The Third Circuit Court of Appeals ruled last year that an exception from Tinker v. Des Moines – a Vietnam War-era case about students wearing black armbands in protest of the War – permitting regulation of students’ speech where it causes material and substantial disruption to the operations of school does not apply to off-campus speech like social media, at least where it does not threaten violence to others. The appeals court held that, even if off-campus speech shared on social media finds its way into school via other students’ smartphones or devices, schools do not have the power to discipline the original poster for it. 

The Supreme Court granted certiorari earlier this year, and the case is being litigated by the ACLU of Pennsylvania. The Brennan Center joined a brief drafted by EFF in support of the student, urging the Supreme Court to uphold the Third Circuit’s decision. The brief argues that the Tinker exception should not allow public schools to punish off-campus speech and that it is critical to limit the Tinker exception to on-campus speech given the central role social media plays in students’ lives. Social media has increasingly become a platform for students to engage in a wide variety of self-expression, political speech, and activism. Expanding Tinker to allow public schools to punish students for speech expressed off-campus would dramatically expand schools’ power to police students’ private lives and chill important, constitutionally protected expression. 

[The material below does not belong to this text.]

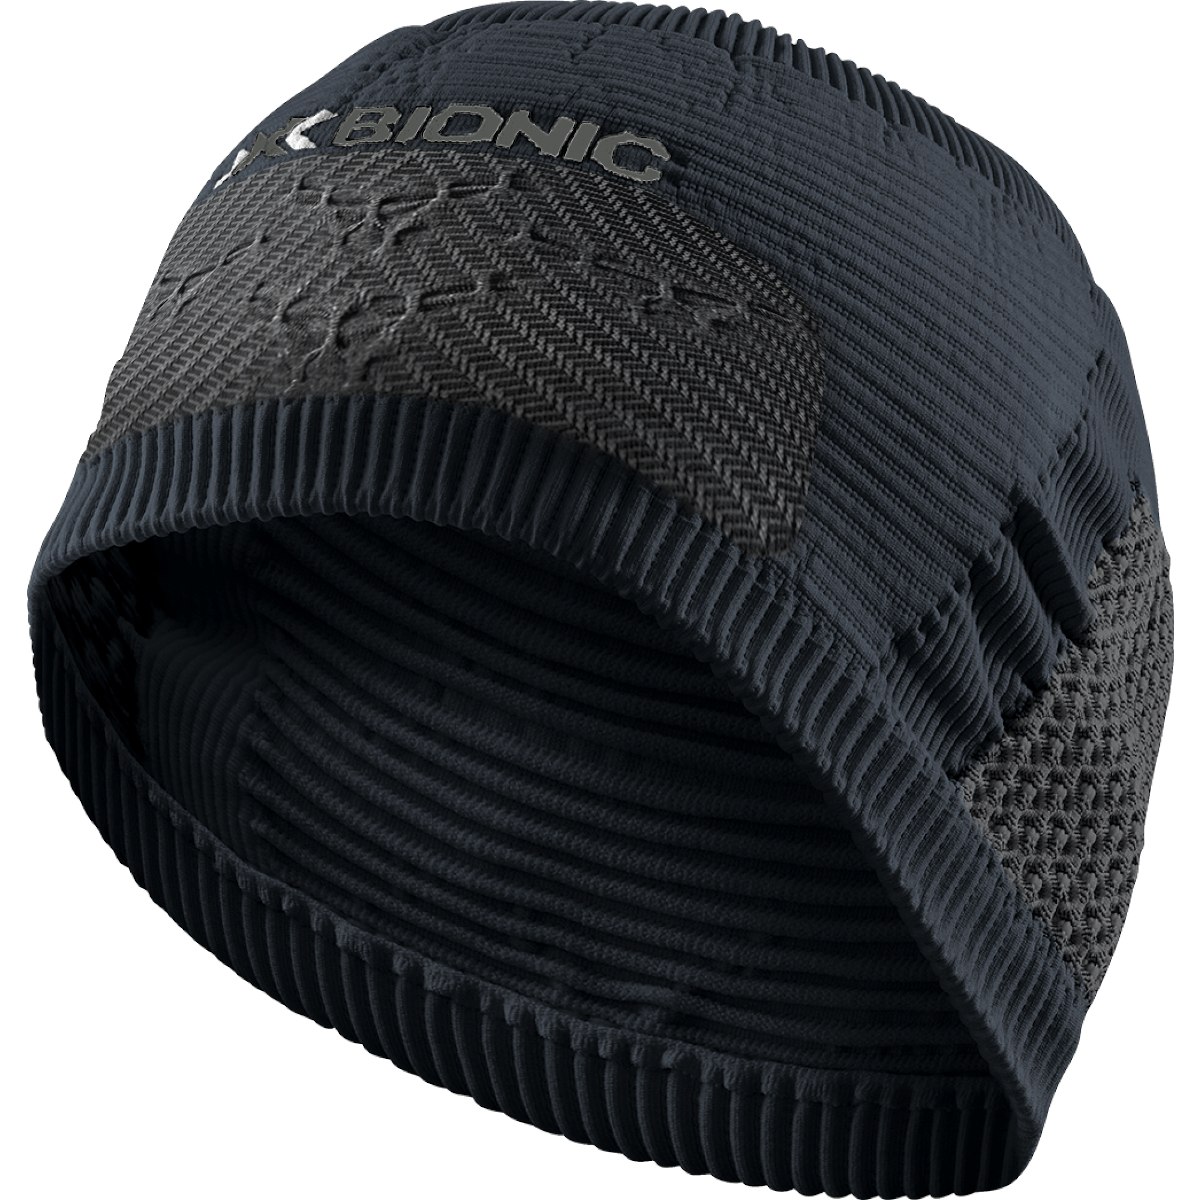 Immagine prodotto da X-Bionic High Headband 4.0 - black/charcoal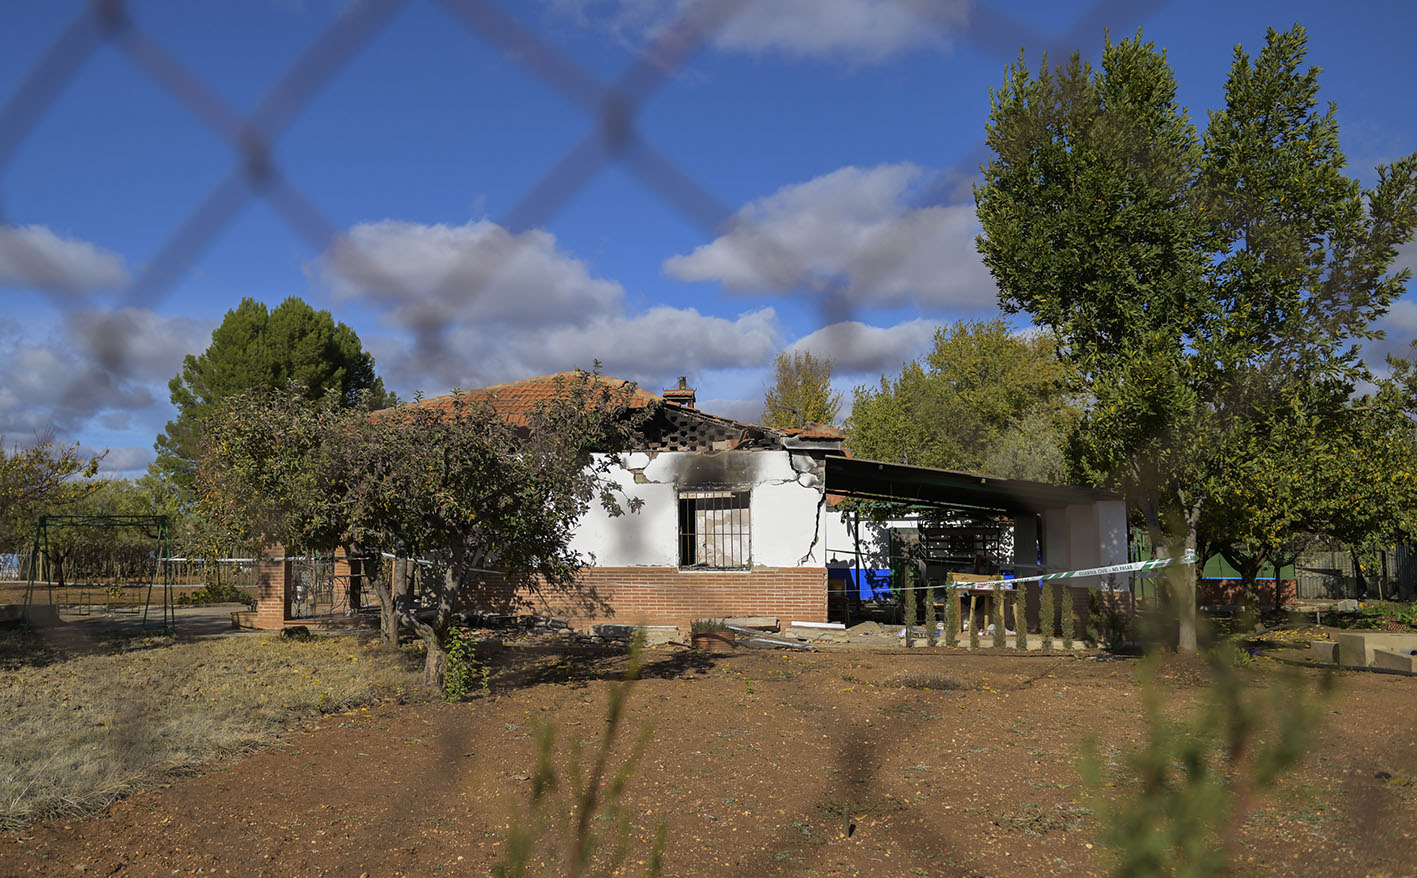 Casa de campo donde se produjo el tiroteo y que fue incenciada posteriormente, en Argamasilla de Calatrava. Foto: EFE/Jesús Monroy.

The Liberty and National Security Program has raised concerns regarding the monitoring of K-12 students’ social media, including op-eds in the Washington Post and Sun Sentinel, a resource on school district expenditures on monitoring tools, and a joint statement of civil and human rights concerns with the Center for Democracy and Technology. If schools are given broad authority to punish students for speech on social media, they will have incentive to step up their monitoring; if they are limited to circumstances in which the harm arising from the speech is significant, not merely disruptive, they are likely to spend less time tracking students’ social media.